Gotta try to be something wonderful

Dec 30, 2007 12:05


You know what I cannot stand? Being sick!

I know I'm getting better because I've started going into coughing fits. At least I can breath and I've got some sleep the past two nights. Before that... ugh. Sleep was not at all an option.

Christmas was wonderful. Michael's family and mine got along great (which will make it easier for when we get married, ha ha...) and it was perfect. It was one of the best Christmas' I've had in a long, long time. The past two were... either ruined by certain immature people or people were sick. 
This was so fabulous, though! We had good people, good food, hilarious game play... plus my cousins were up along with my sister. That was really nice because I haven't seen them since last May. Everything was... perfect.

Also, Michael got me The Crow graphic novel (yesssss!) and an ipod. I've already read through the novel once and flipped through it a couple of times. I haven't gotten to mess with the ipod yet because we have a new computer we need to set up and I'm just going to wait and put itunes on that. His parents also bought us a camera and we have indeed played around with that... hee hee hee...

New Years is also coming up and I haven't really decided on a resolution. I may end up just going with what everybody else says and "lose weight" ... no, mass. I want to lose mass. It's not a big deal, but I feel like I've gotten a little soft. I need to start working out again. I need to find a 24 or early gym that I can go to at like 5 in the morning so I'll actually go. If I wait for the afternoon or evening by that time I'm already tired. I should also consider jogging with Michael. He hasn't been able to go lately because of work, but I'm sure once he gets a set schedule we can do that.

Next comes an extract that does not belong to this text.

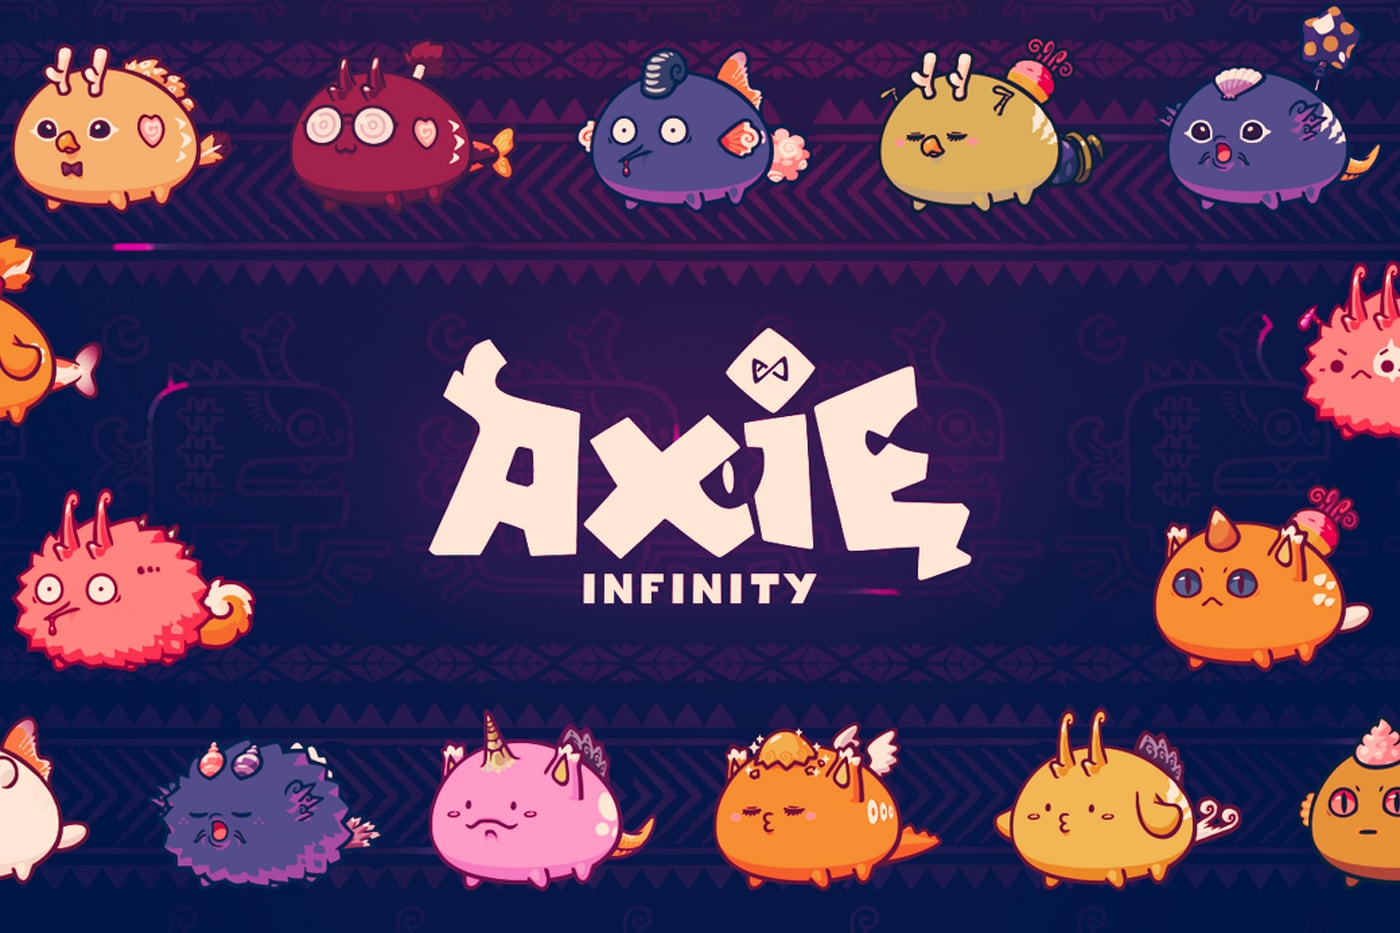 《Axie Infinity》成为首个销售额达 $11 亿美金 NFT 游戏

Totally random: Christian (the asshole) contacted me via the myspace. He was like "I know I shouldn't be doing this, but I wanted to say hi." So I said hi and happy new year and that if it was really that difficult for him still he really shouldn't be doing that because it was almost a year ago. I hope that's not too mean, but... it really wasn't a good relationship. I was rebounding, wanted someone else (but did not go for it, thank you very much), didn't enjoy our time together, was confused about if I was enjoying our time together, and was distant. I'll admit that. 
It was not a good relationship and I don't want anything to do with him. When we broke up he did everything in his power to drive me crazy and feel sorry for him and try to tell me what kind of person he thought Michael was (which is all bullshit). So I don't know, I hope he gets the message and won't do it again.